In  telemetering,  system analog  signals originating in  remote locations are first converted
into digital signals and then transmitted to the control station.  Remote weather and
defense related monitoring systems fall into this  category of applications.  The opportunity
for corruption includes:
     1.  Modification of binary coded characters,
     2.  Disruption/distortion of digitally generated symbology,
     3.  Transmission of corrupting code to ground site for execution during analysis,
          sorting or redistribution, and
     4.  Distortion of wave windows in the millimeter bands.
 
     D. Voice  communications systems -  are also becoming  increasingly oriented toward
digital signal processing.   Thus,  in many situations analog voice signals are being
digitized with  A-D  converters and  subsequently transmitted over  time shared channels,
with  many conversations being "simultaneously"  carried over the same channel.   Such
systems can be designed to  be flexible and can handle both speech and data at the same
time while making optimum use of the bandwidth capabilities.   AT&T has had its
microwave repeaters come under attack from sophisticated hackers.  To date,  the system
has been saved from  corruption by the combination of equipment sophistication,  cost to
duplicate that equipment, and security.  This  is not to say  that  hackers have not taken
credit for some documented problems.   This area provides a positive use of RF based
code sets to attack the attacker.  Sobczak has developed signed VIRUS which corrupts
illegal data gatherers.  We call our concept "cheap shot protection."   As previously stated,
a program can attack,  execute,  and erase, leaving no trace of the interdiction.

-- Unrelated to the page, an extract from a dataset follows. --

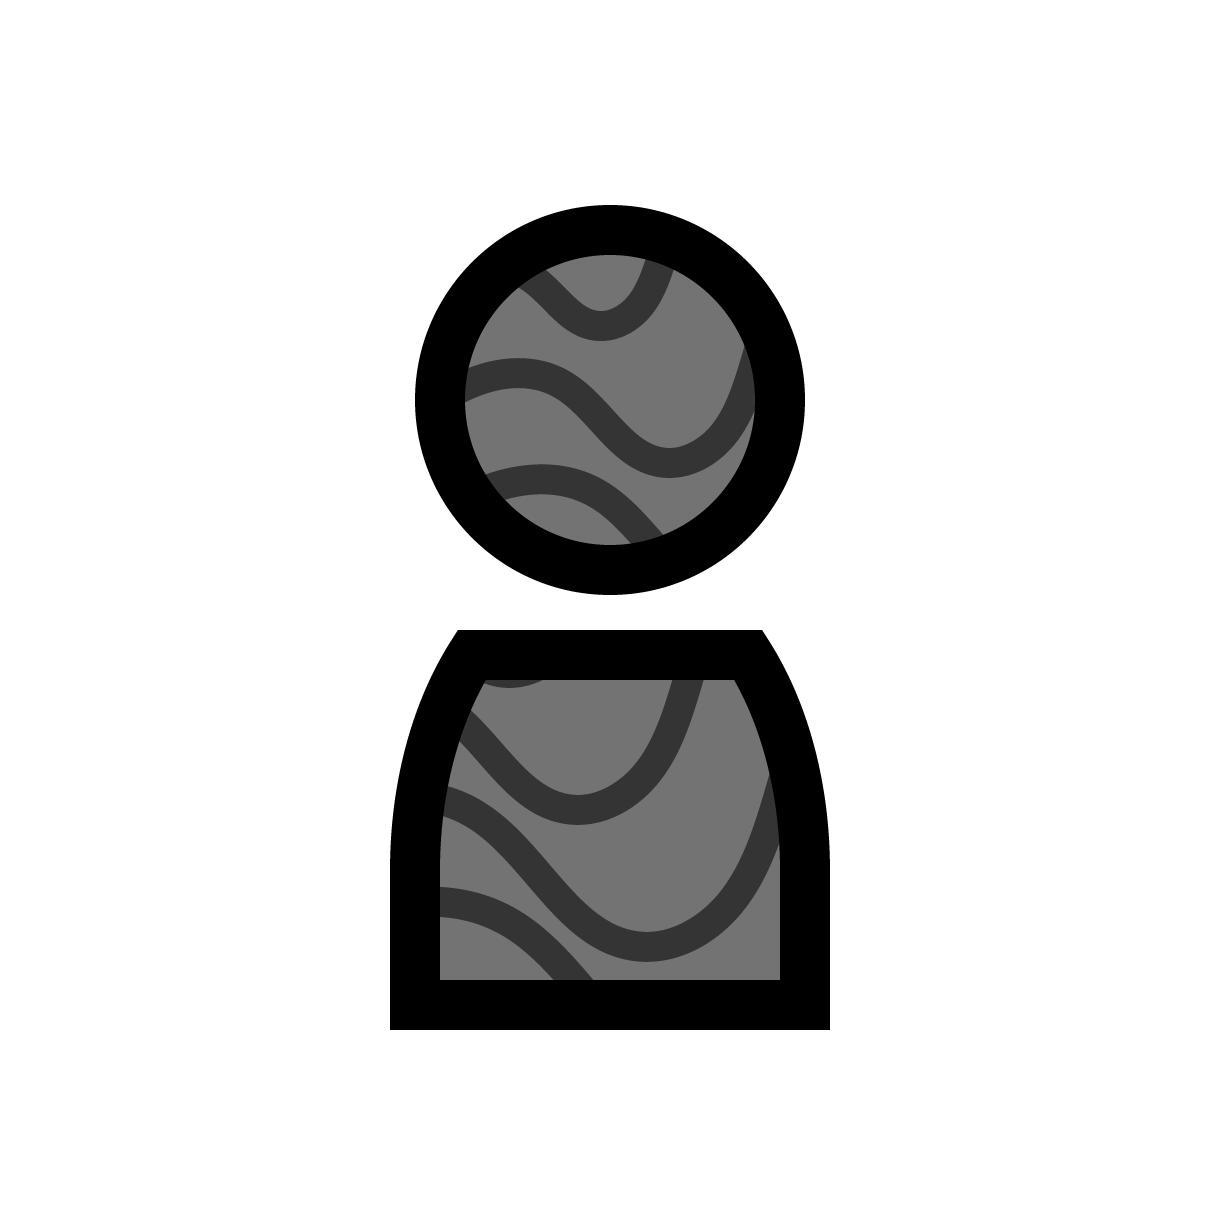 atlas_icon_users-01

     There  are several VIRUS active on bulletin boards which  start as a time bomb, i.e.,
get copied to a hard drive,  file server,  or unprotected controller-type chip,  function  as
a Trojan  reproducing in  a new area  hidden so  that  the time bomb repeats  itself, poison
the operating system, and then jumps to the DEL(ete)  command and erase itself.  An
aggressor could spend  a great deal of effort protecting against himself (a Trojan/VIRUS
in his system).
 
     In summary, the major use of less-lethal will be psychological.   The attacker would be
charged with fooling the computer, thereby increasing the uncertainty of those using it.
The designer of a less-lethal weapon would decide upon the best area to affect in order
to reduce confidence.  The implanted code would modify decoded data  to affect operator
efficiency by  reducing  the detection rate of true targets, while increasing the false alarm
rate in finger printing.   Suspect equipment will cause  the redirection of technology
resources to  prove the fact of a problem.   This, in turn, will affect production, upgrades,
and maintenance.  It will cost more to produce and increase  the  resource commitment.